From the line with "limitierte Auflage 18, aus" to the last line of the data below, repeat every line exactly and add nothing.

BEGIN Supplied material

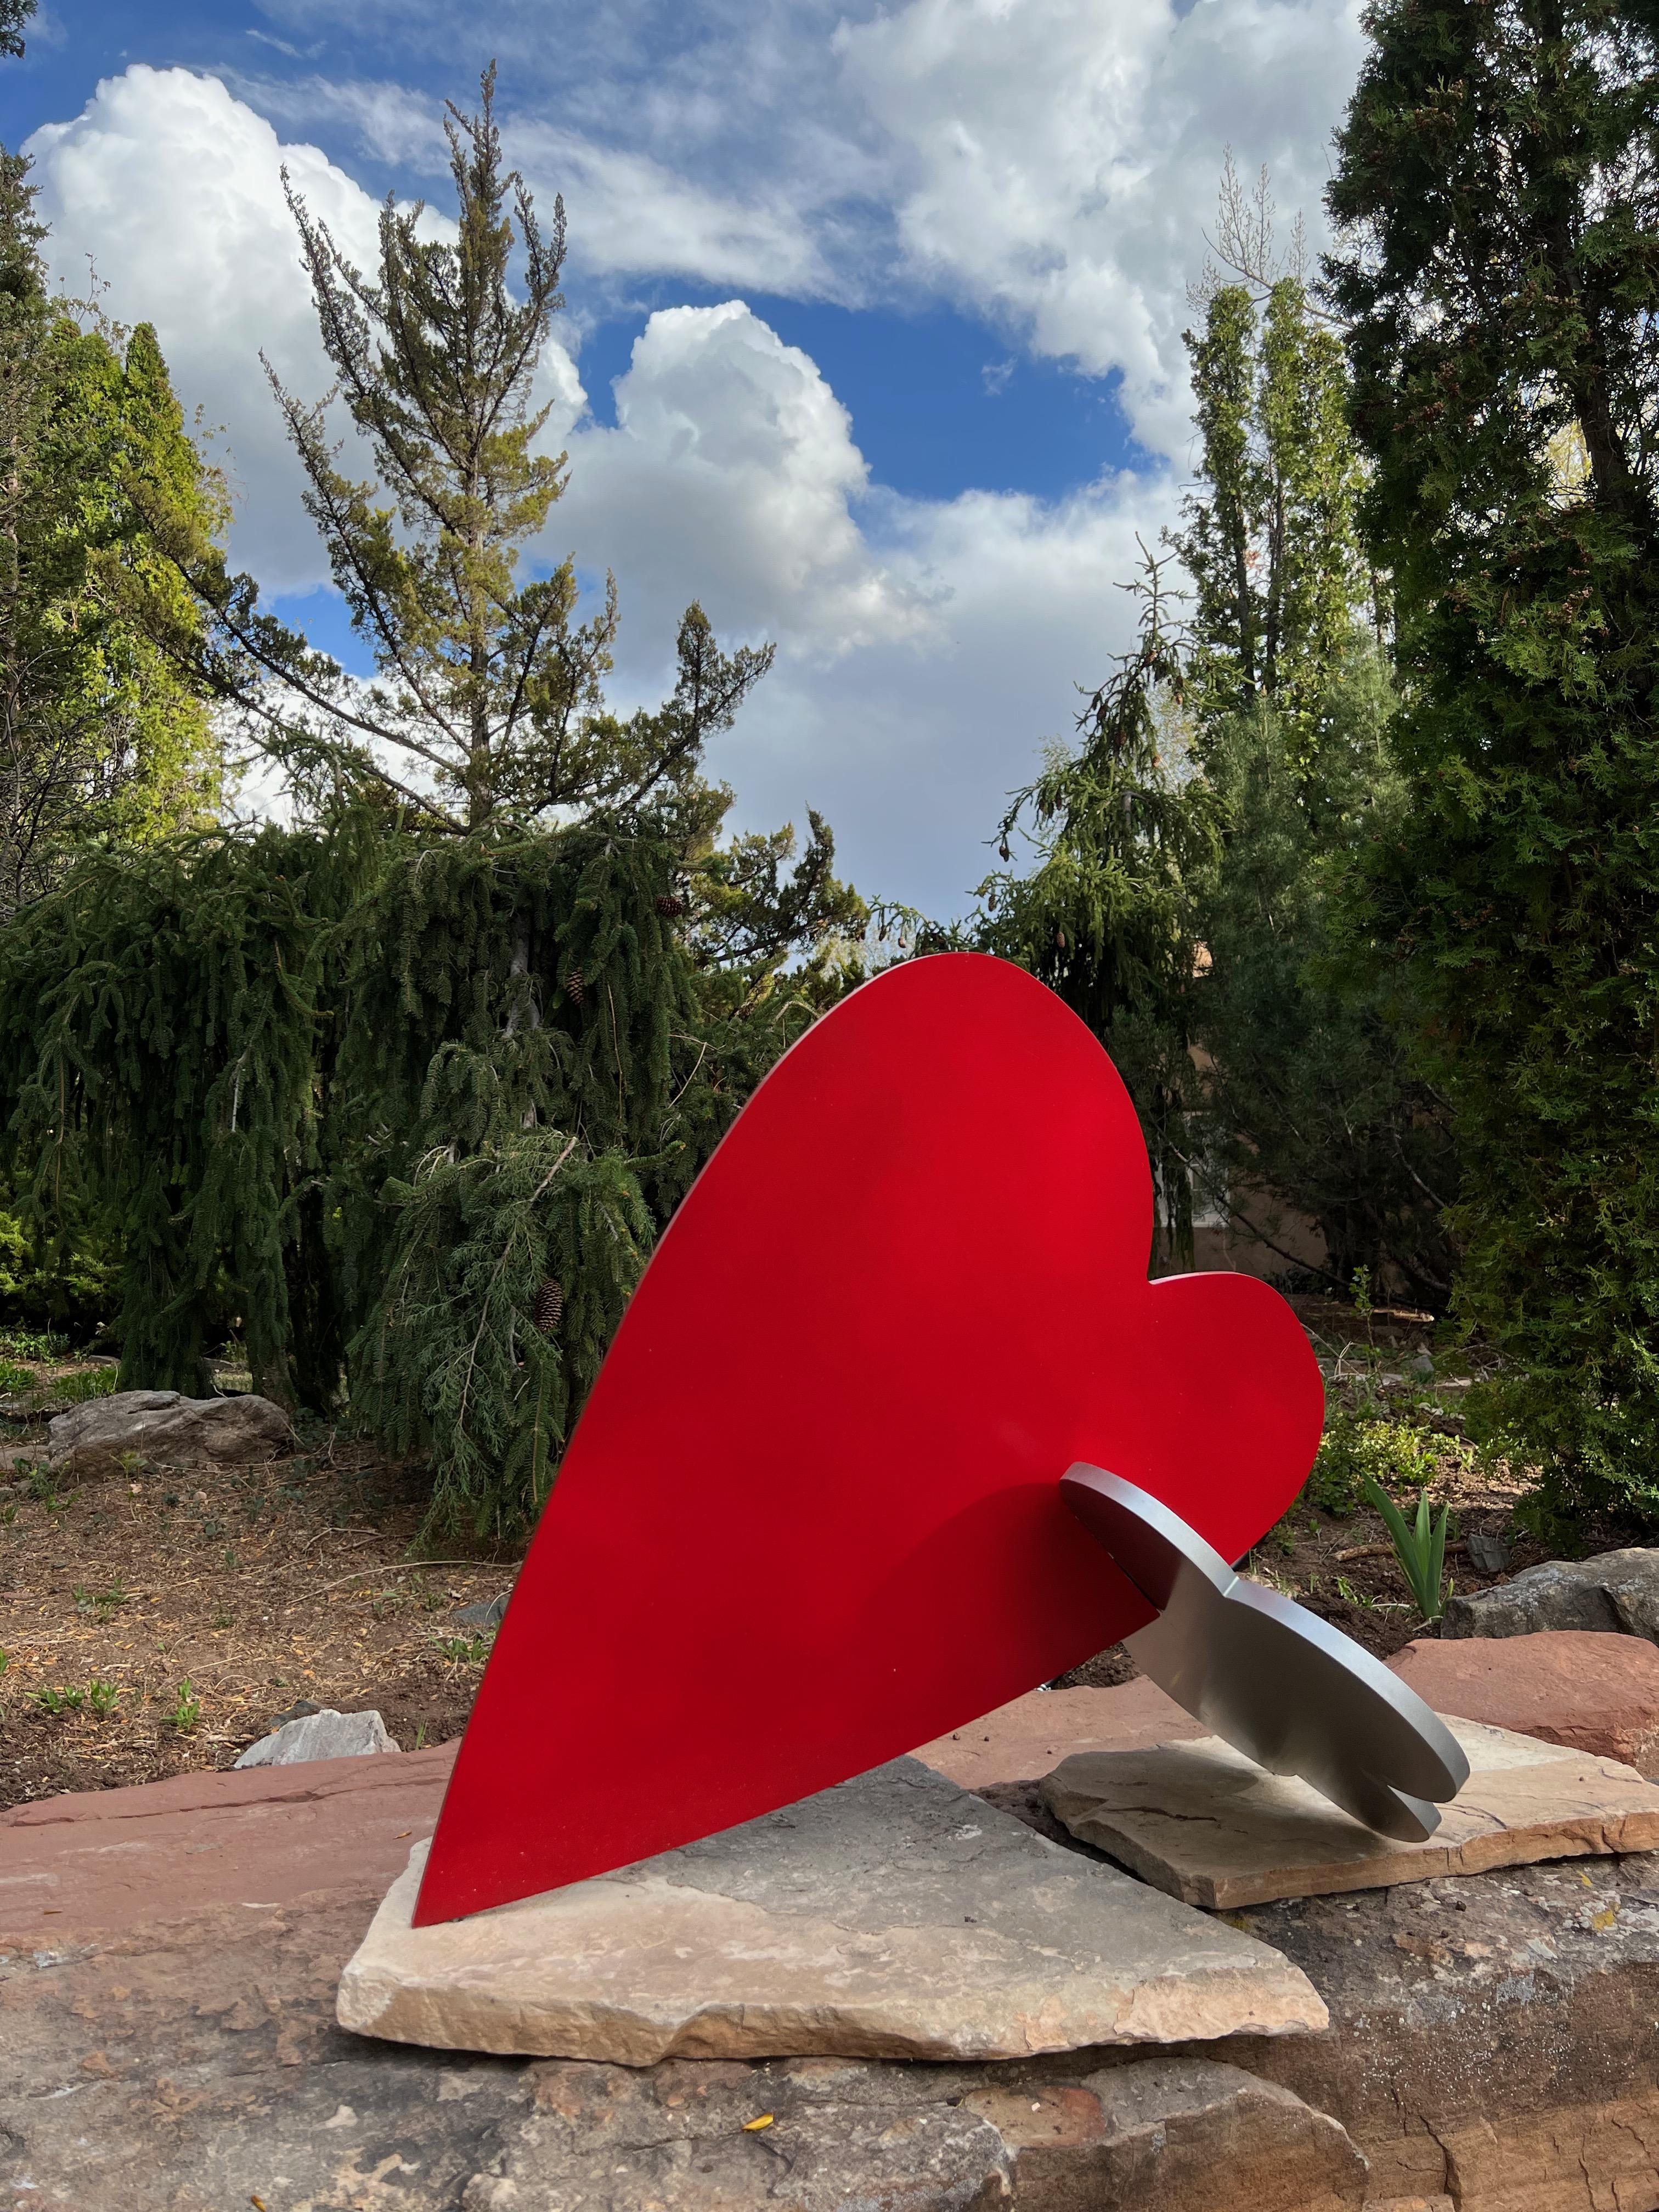 Heart + Cloud, Skulptur von Kerry Green, zeitgenössisch, innen, außen, rot, silber
limitierte Auflage 18, aus Aluminium gefertigt
Ineinander greifende Skulptur für die Ausstellung in Innenräumen.

Kontaktieren Sie uns für Informationen über aktuelle

END Supplied material

## Solution to this task
limitierte Auflage 18, aus Aluminium gefertigt
Ineinander greifende Skulptur für die Ausstellung in Innenräumen.

Kontaktieren Sie uns für Informationen über aktuelle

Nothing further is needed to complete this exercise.